The Miami Vice logo and stars Don Johnson as Det. John “Sonny” Crockett (left) and Philip Michael Thomas as Det. Ricardo Tubbs (right). The crime drama aired on NBC Friday nights from 1984 to 1989.
The Miami Vice logo and stars Don Johnson as Det. John “Sonny” Crockett (left) and Philip Michael Thomas as Det. Ricardo Tubbs (right). The crime drama aired on NBC Friday nights from 1984 to 1989.

‘We’re kicking around some thoughts.’ Don Johnson hints at possible ‘Miami Vice’ reboot

And then you learn that for his first edition in Anaheim Ruiz’s NostalgiaCon company managed to lure some legit ‘80s stars to press the flesh with their fans.

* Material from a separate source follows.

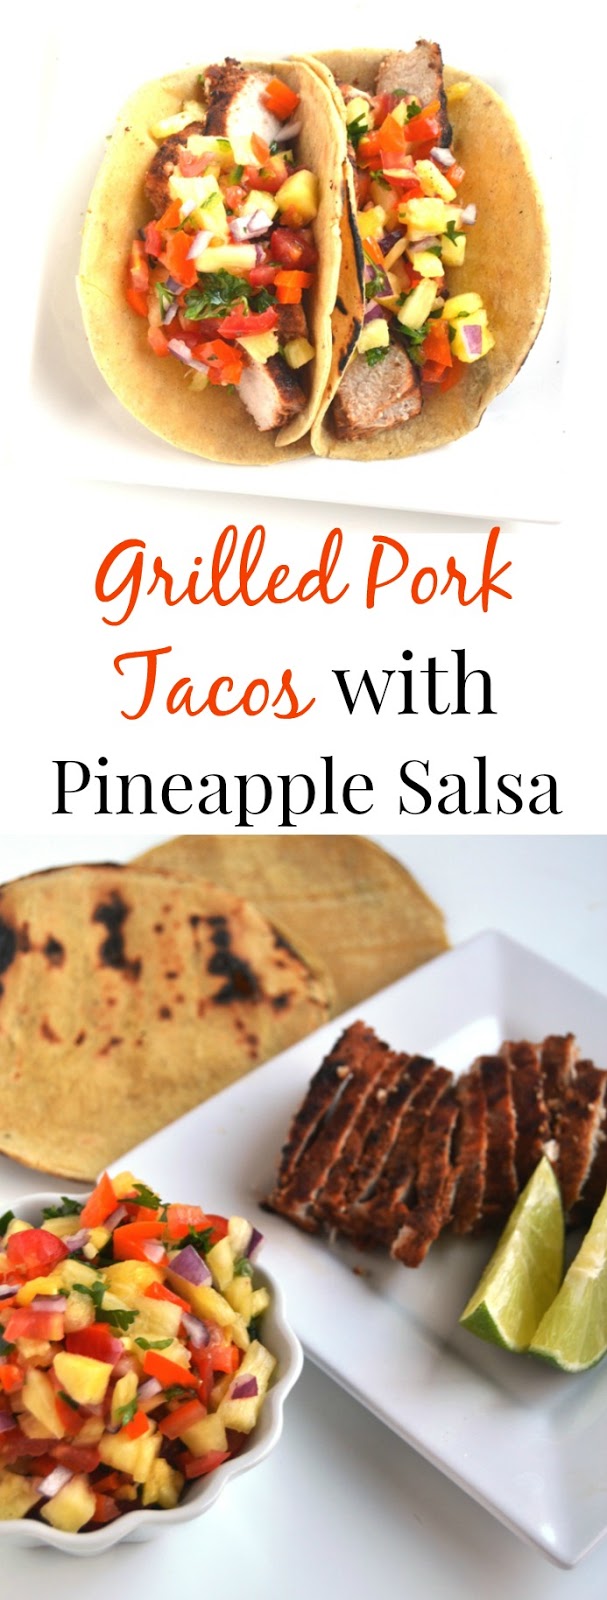 These Grilled Pork Tacos with Pineapple Salsa are perfect for a quick dinner and full of fresh flavors! www.nutritionistreviews.com

He got Linda Gray and Patrick Duffy of “Dallas” to turn out. Also: Loni Anderson and Howard Hesseman of “WKRP in Cincinnatti,” Val Kilmer of “Top Gun,” a “Goonies” reunion of Cory Feldman and Sean Astin (who co-starred in “Stranger Things,” too) and actor Steve Guttenberg, who starred in one of the “Police Academy” sequels that was filmed in South Beach in 1987.

Actors Corey Feldman (left) and Sean Astin (right) at the first NostalgiaCon ’80s Pop Culture Convention in Los Angeles in September 2019. The next version is planned for Miami at the Mana Convention Center on March 28-29, 2020.
Actors Corey Feldman (left) and Sean Astin (right) at the first NostalgiaCon ’80s Pop Culture Convention in Los Angeles in September 2019. The next version is planned for Miami at the Mana Convention Center on March 28-29, 2020.

So why California first for this made-in-Miami mega convention company?

“We did our first show in Anaheim because we wanted to establish a national leg,” Ruiz said. “We wanted to make it clear it was a coast to coast international brand. But Miami will far exceed everything we did in California.

“California was part of the piloting and experimenting. Miami will be what NostalgiaCon shows will be,” the Southwest Miami High grad who split his childhood between homes in Little Havana and Hialeah said.

Ruiz hopes to announce some of the acts he scores soon.

Information on tickets — which he figures on pricing between $55 and $300 for VIP packages — should be posted on the NostalgiaConMiami.com website on Monday.

“We want people to feel the connection to pop culture in a way that is fun, meaningful and as relevant today as it was yesterday,” Ruiz said. “This is not about having something stodgy and old. There’s nothing stodgy and old about the the ‘80s. It was a dynamic and creative decade that deserves a celebration for its fans.”